[Task brief]
What you return should be the complete listing, unchanged, with no pictures in it.

[Dataset extract]
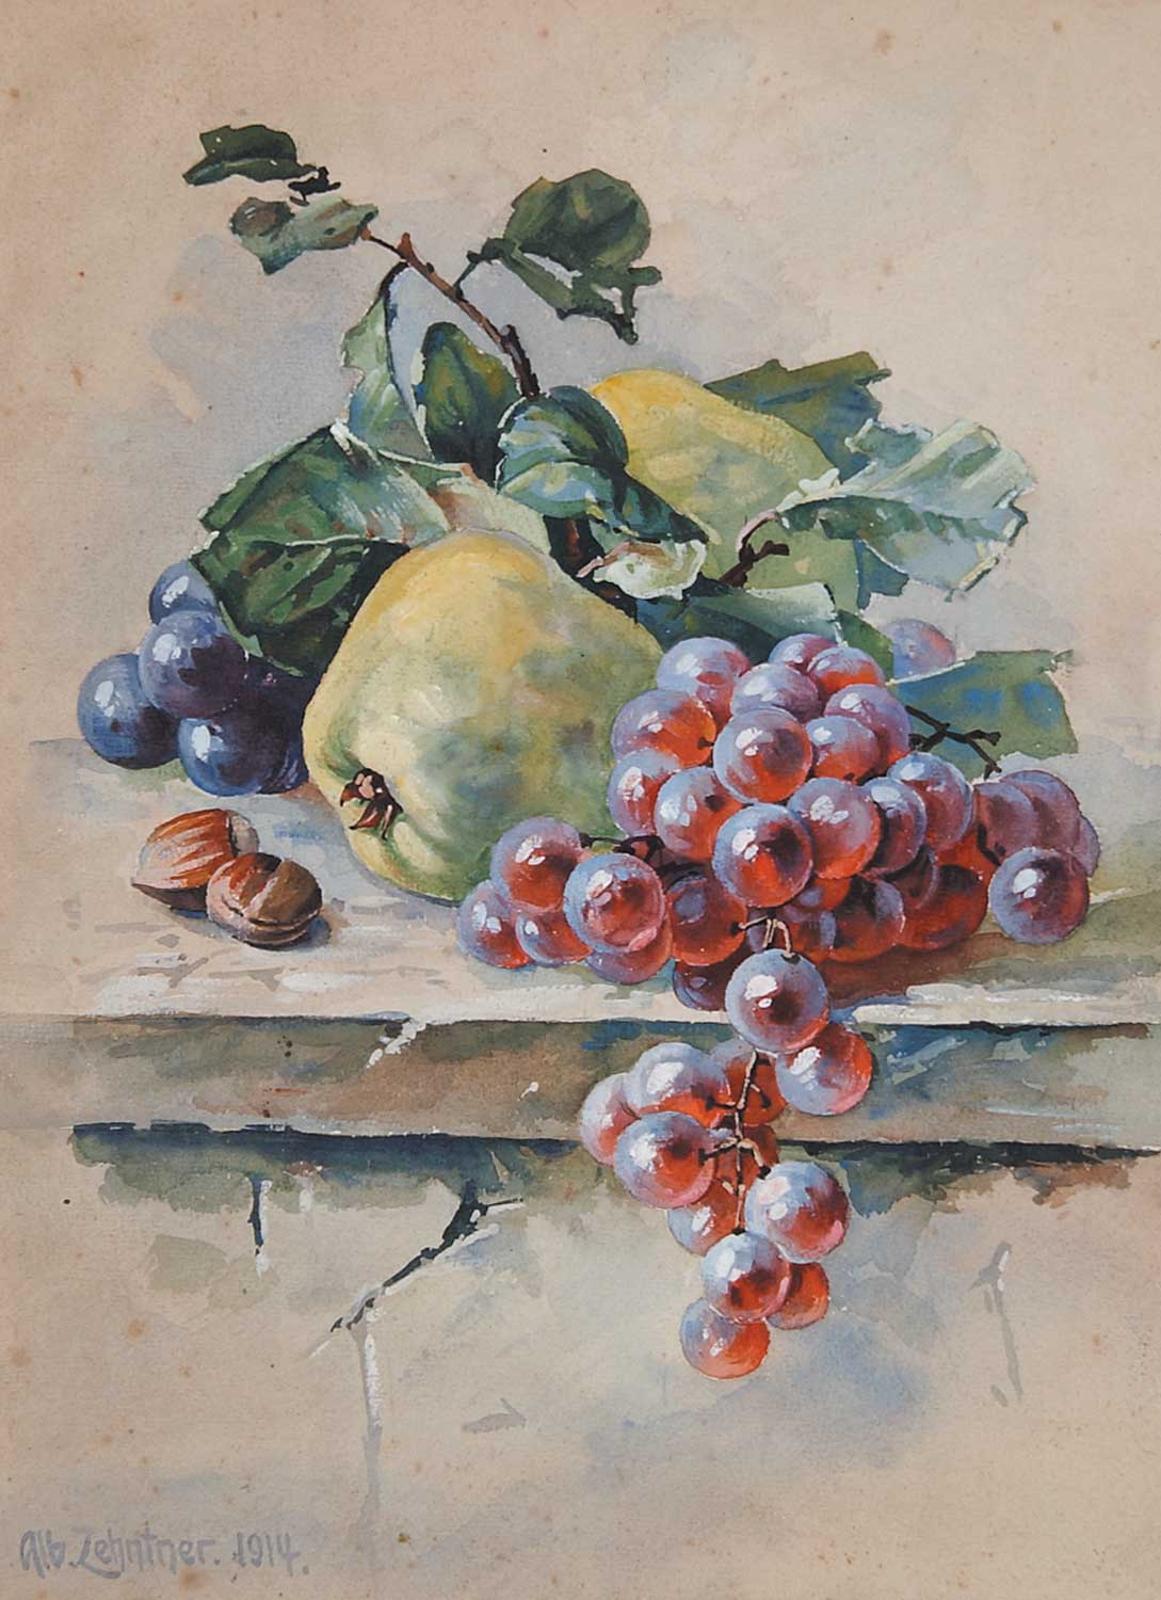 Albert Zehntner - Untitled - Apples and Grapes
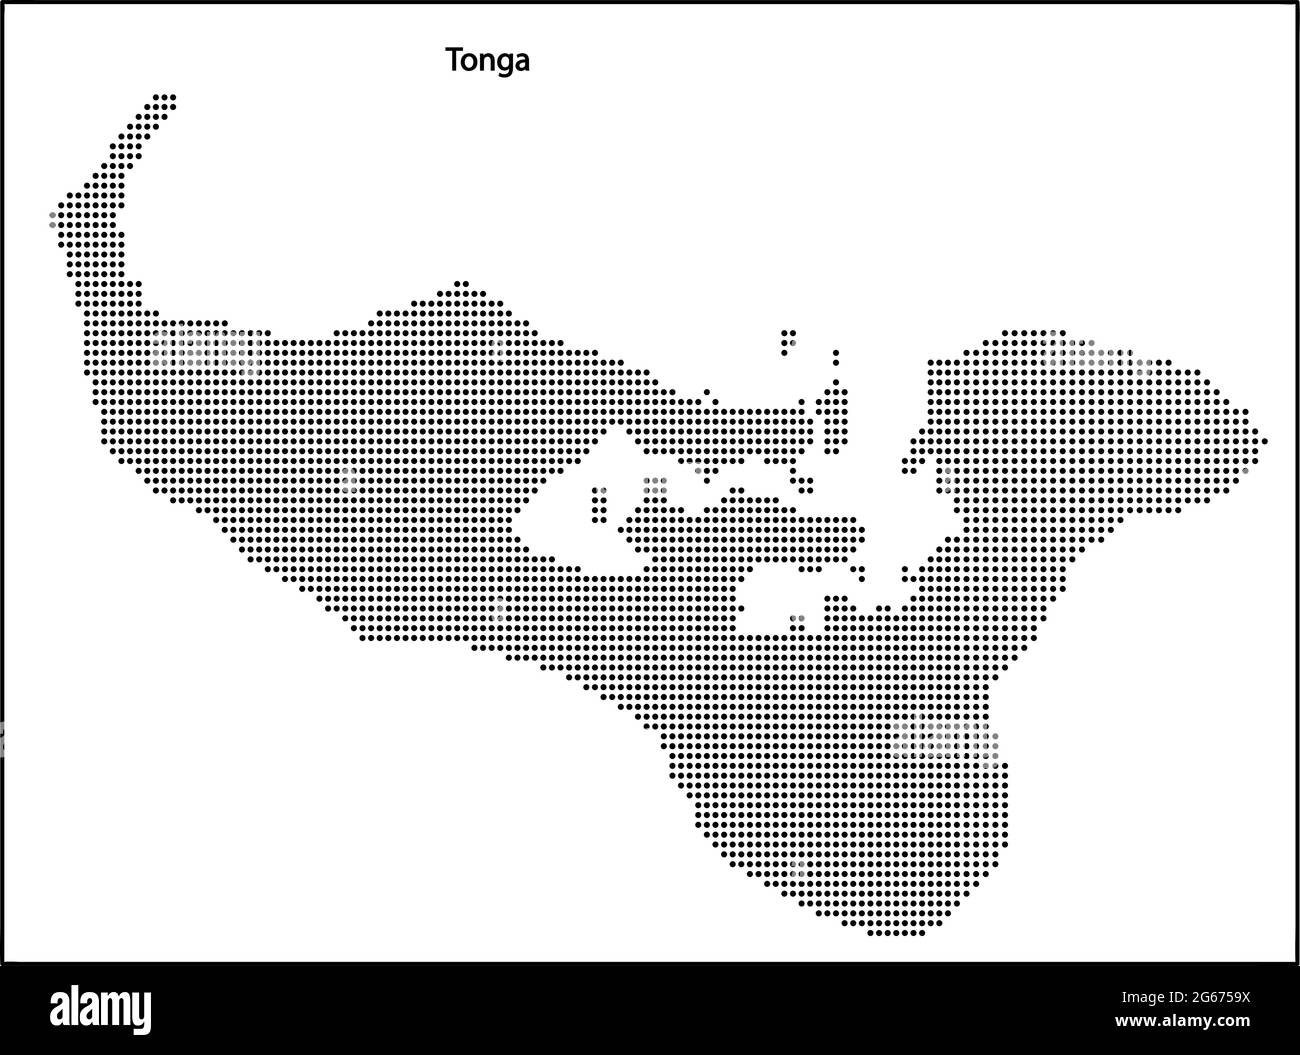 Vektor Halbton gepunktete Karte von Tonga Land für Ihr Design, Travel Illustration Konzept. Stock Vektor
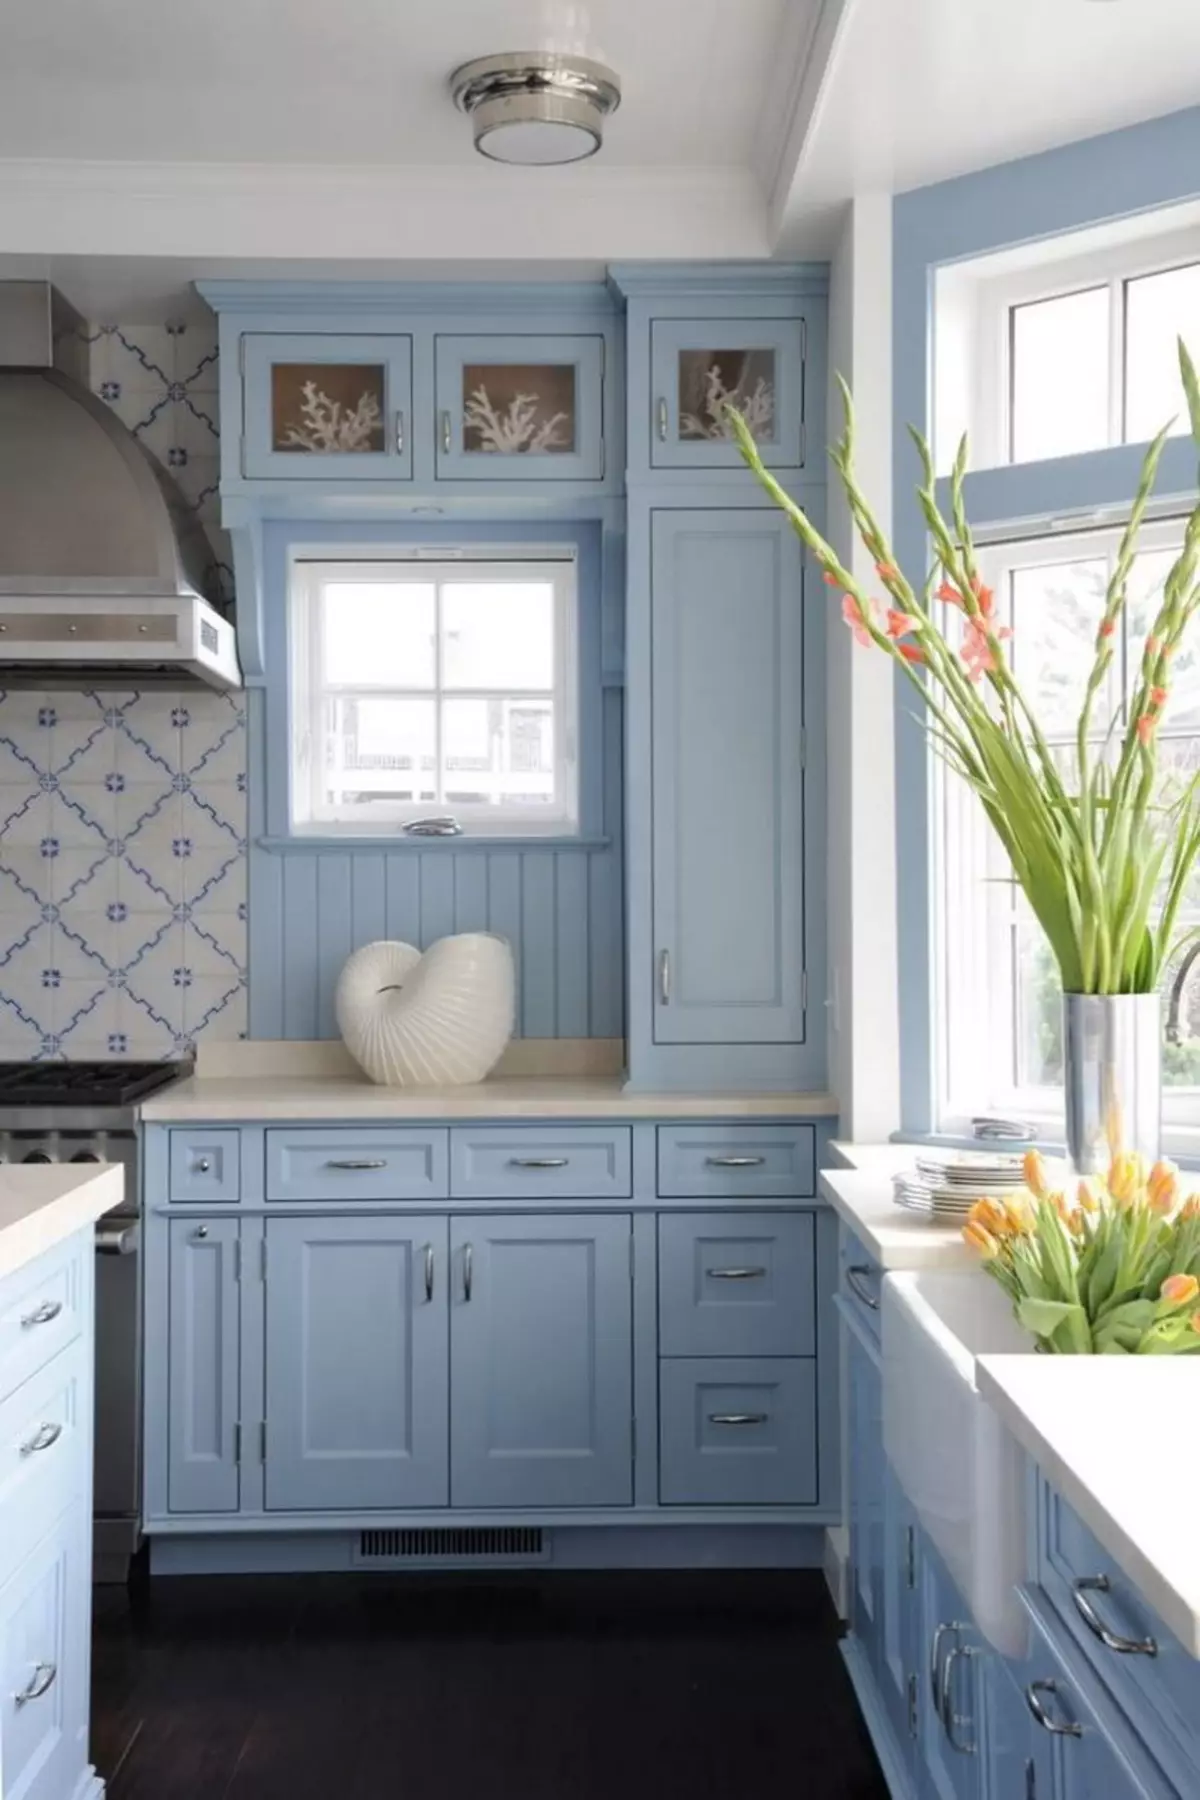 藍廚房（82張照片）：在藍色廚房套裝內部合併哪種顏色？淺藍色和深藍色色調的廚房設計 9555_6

[Exercise output]
 Albert Zehntner - Untitled - Apples and Grapes
 Vektor Halbton gepunktete Karte von Tonga Land für Ihr Design, Travel Illustration Konzept. Stock Vektor
 藍廚房（82張照片）：在藍色廚房套裝內部合併哪種顏色？淺藍色和深藍色色調的廚房設計 9555_6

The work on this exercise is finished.